Data for analysis
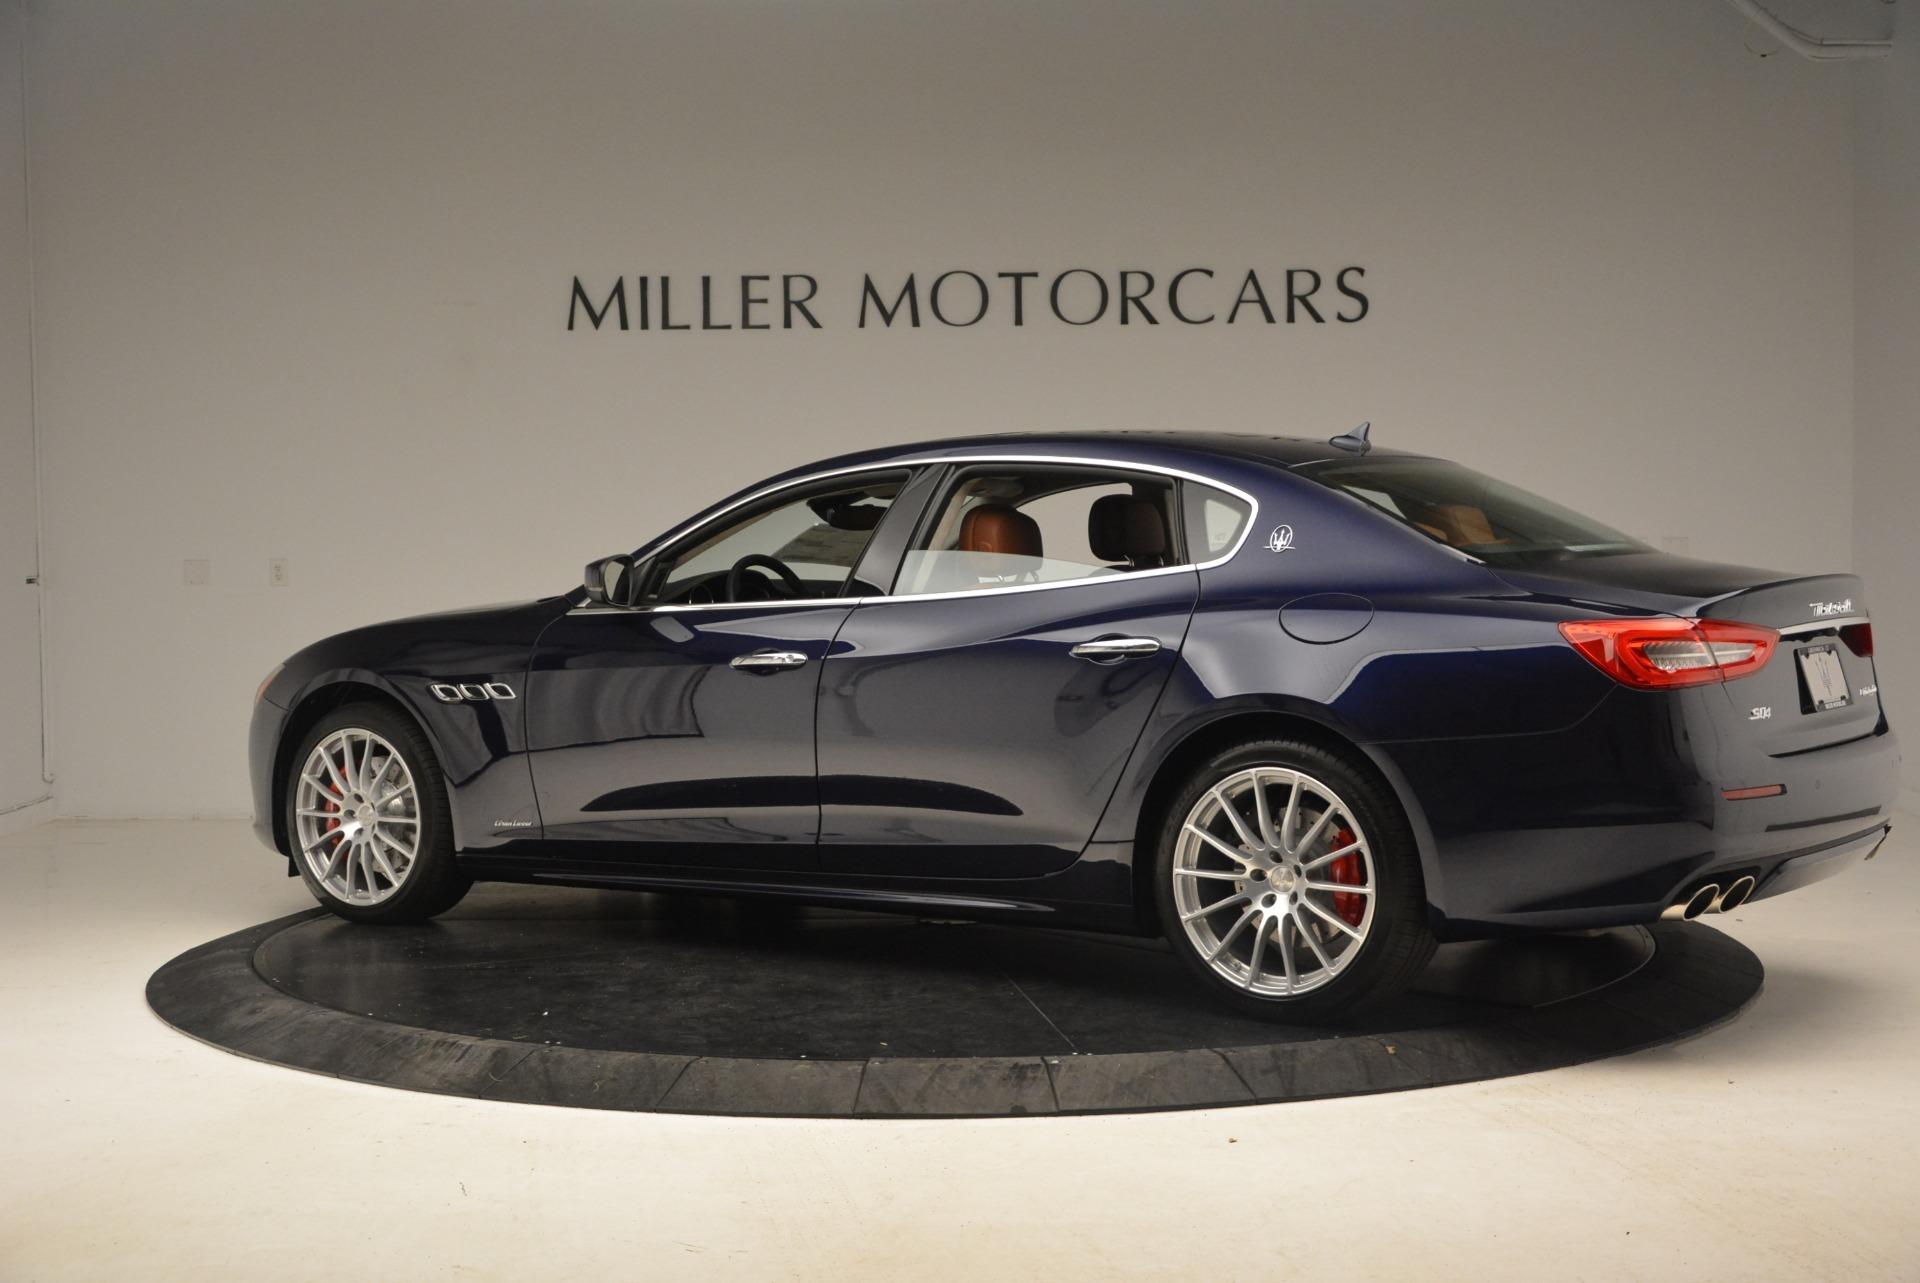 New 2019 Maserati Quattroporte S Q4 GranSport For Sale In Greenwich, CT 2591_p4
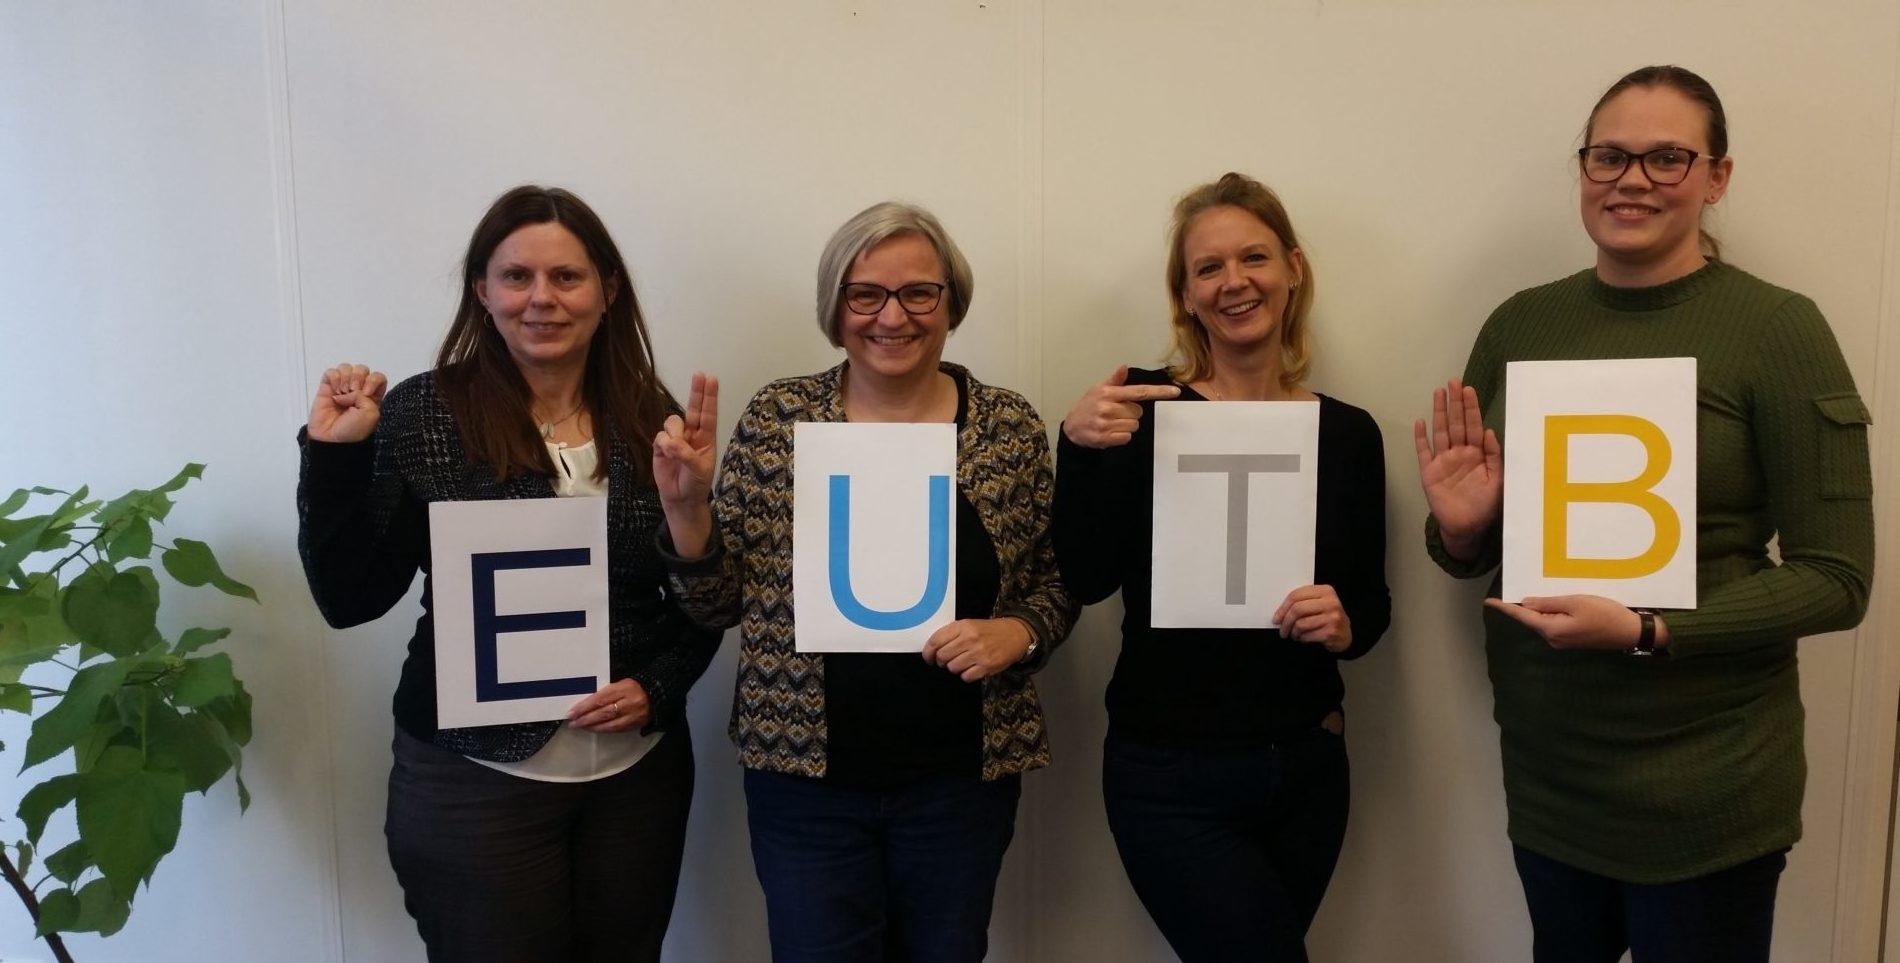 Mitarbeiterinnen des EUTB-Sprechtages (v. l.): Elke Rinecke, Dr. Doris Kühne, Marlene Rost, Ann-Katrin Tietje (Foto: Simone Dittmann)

==

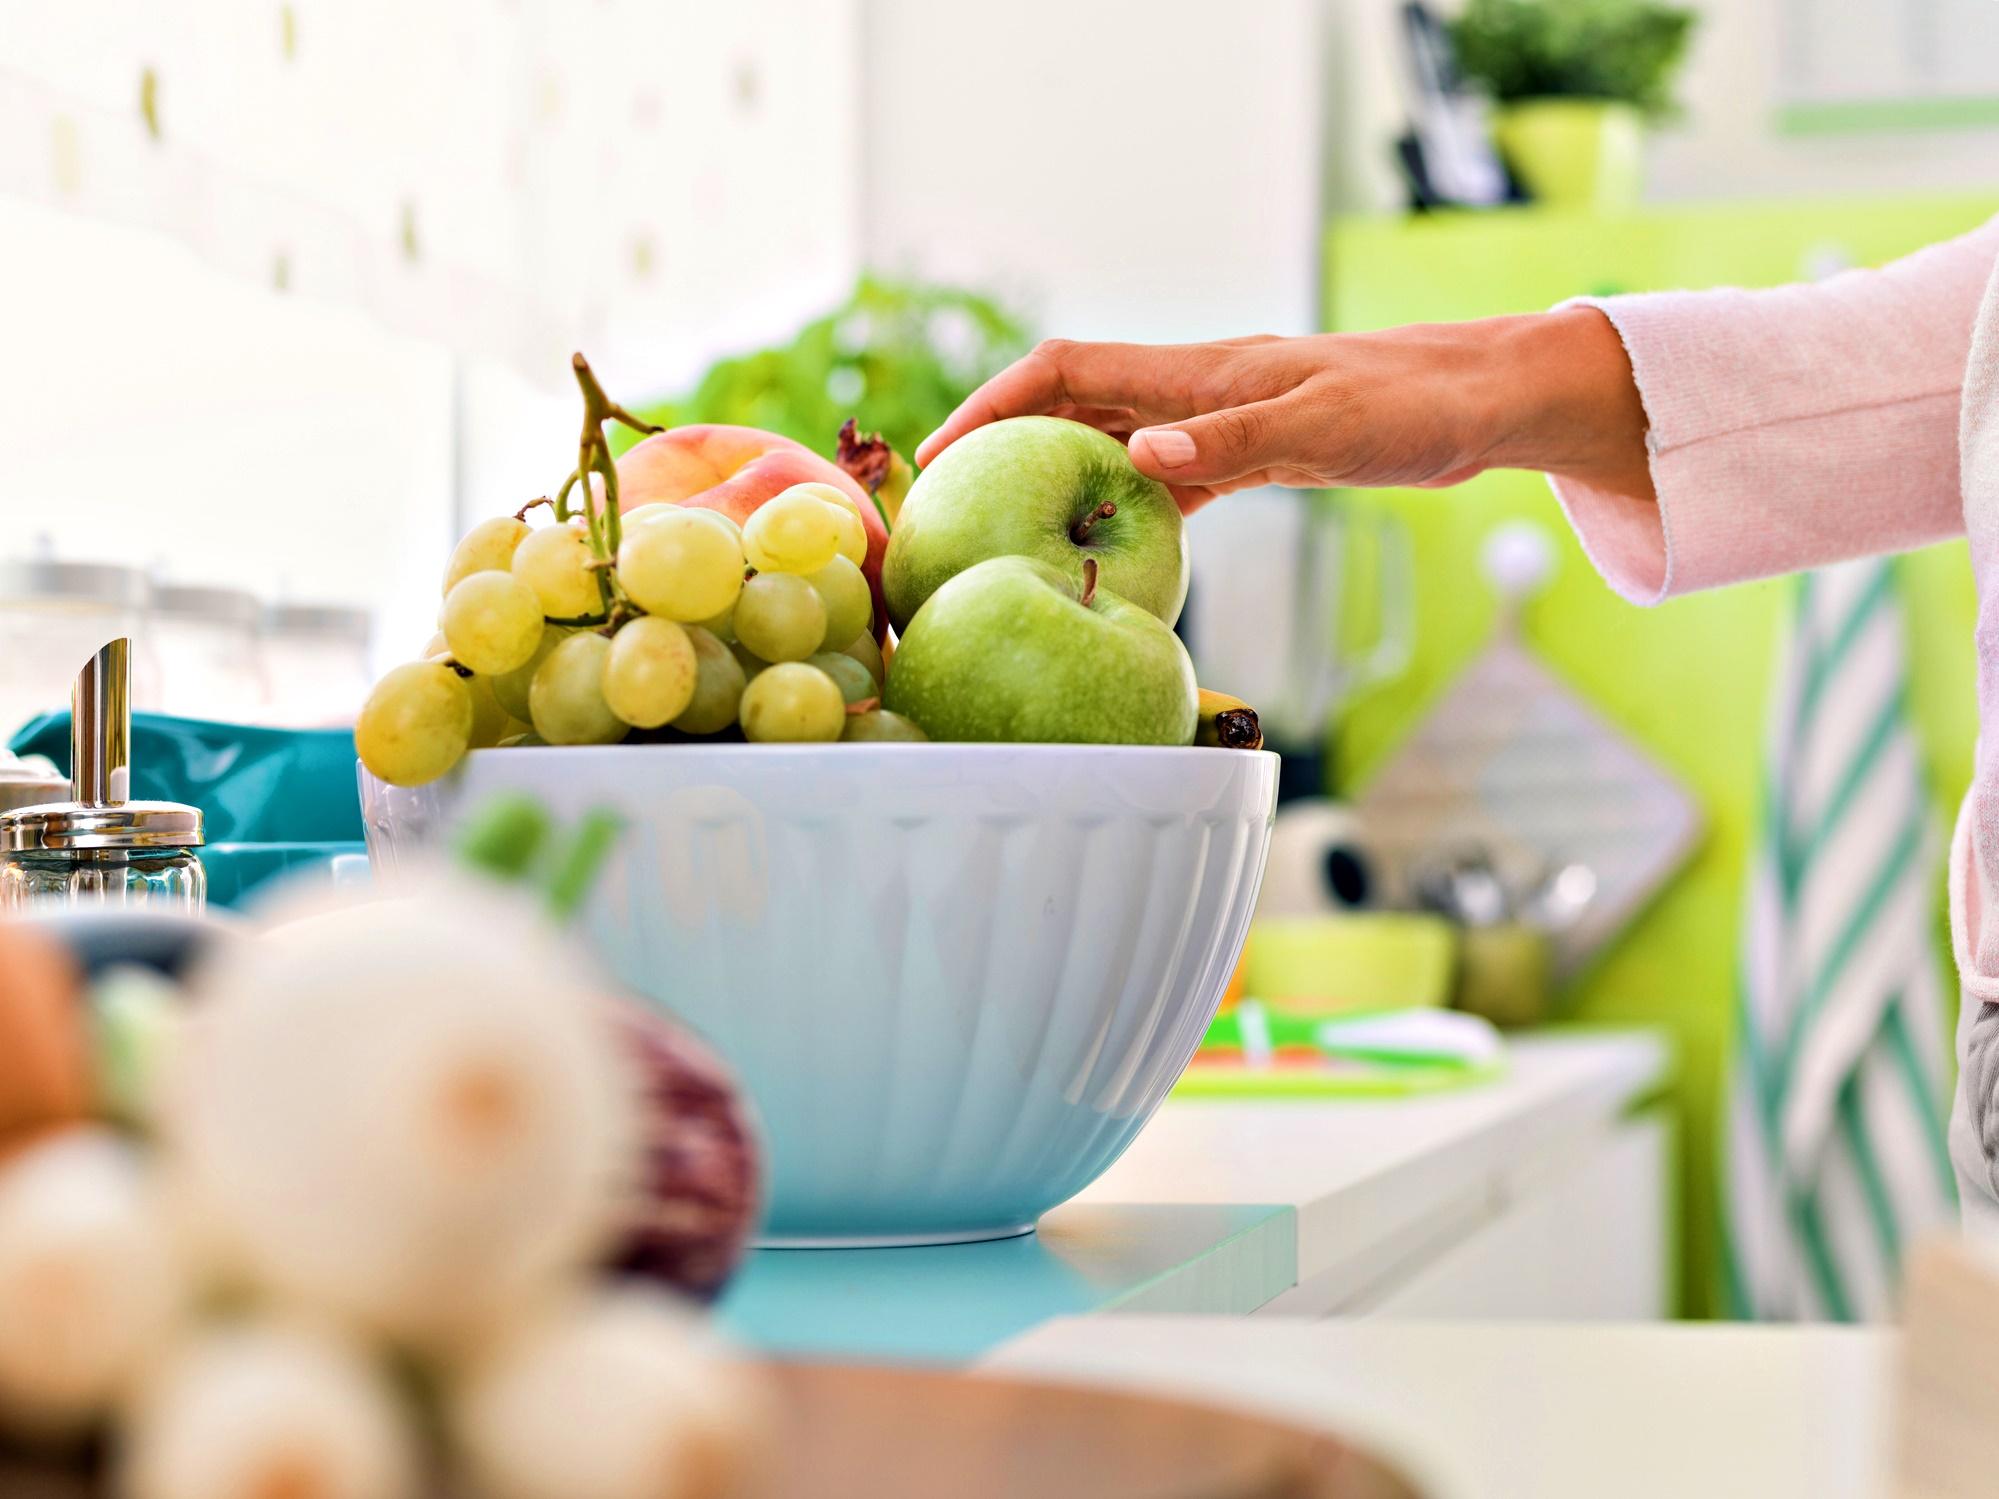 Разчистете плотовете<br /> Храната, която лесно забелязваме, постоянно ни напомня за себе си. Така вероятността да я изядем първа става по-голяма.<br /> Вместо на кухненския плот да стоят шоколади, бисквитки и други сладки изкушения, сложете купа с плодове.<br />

* * *

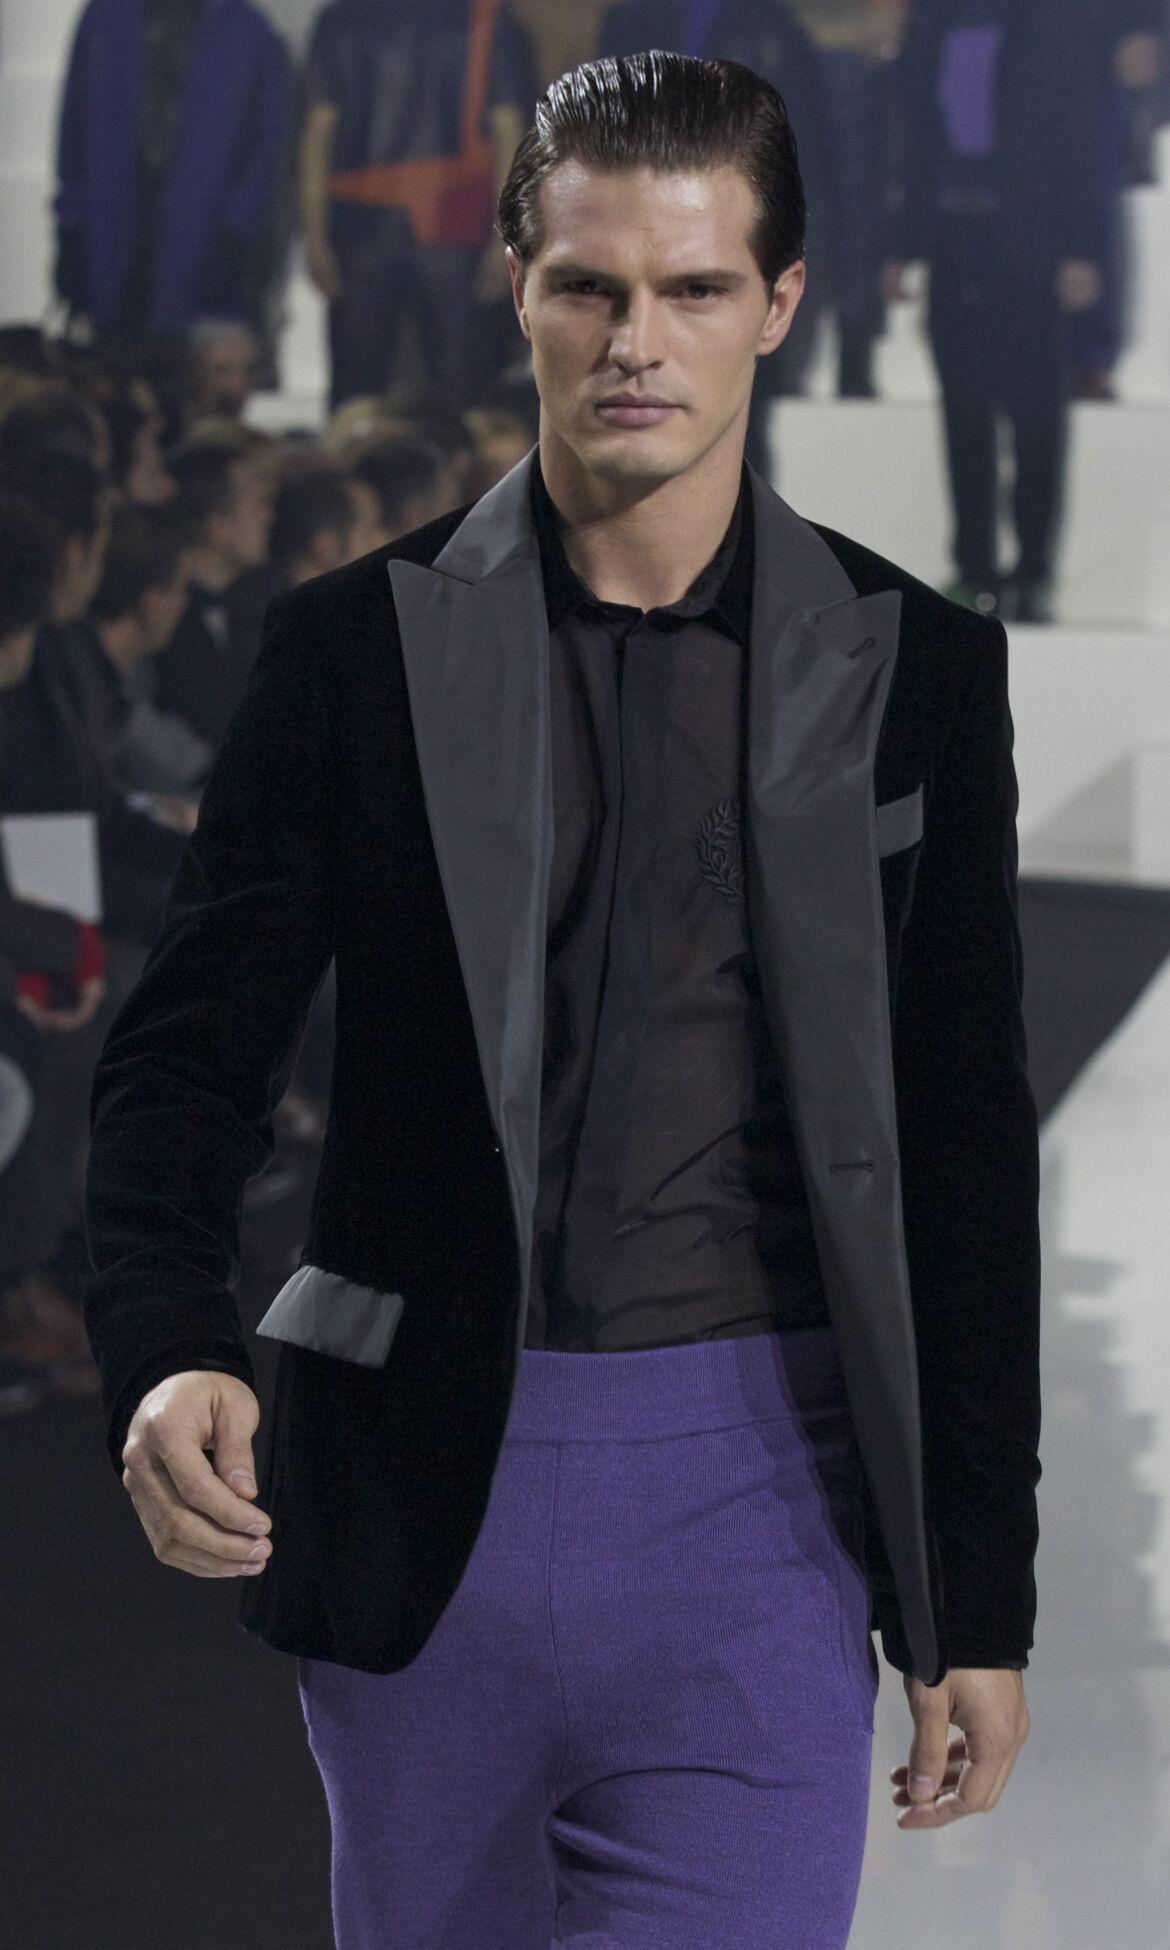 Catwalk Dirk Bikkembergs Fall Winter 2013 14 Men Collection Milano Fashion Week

Assigned task
From the data above, retype only the lines starting with the line with "New 2019 Maserati" and going on through the line with "Mitarbeiterinnen des EUTB-Sprechtages", exactly, leaving out the pictures.

Reply
 New 2019 Maserati Quattroporte S Q4 GranSport For Sale In Greenwich, CT 2591_p4
 Mitarbeiterinnen des EUTB-Sprechtages (v. l.): Elke Rinecke, Dr. Doris Kühne, Marlene Rost, Ann-Katrin Tietje (Foto: Simone Dittmann)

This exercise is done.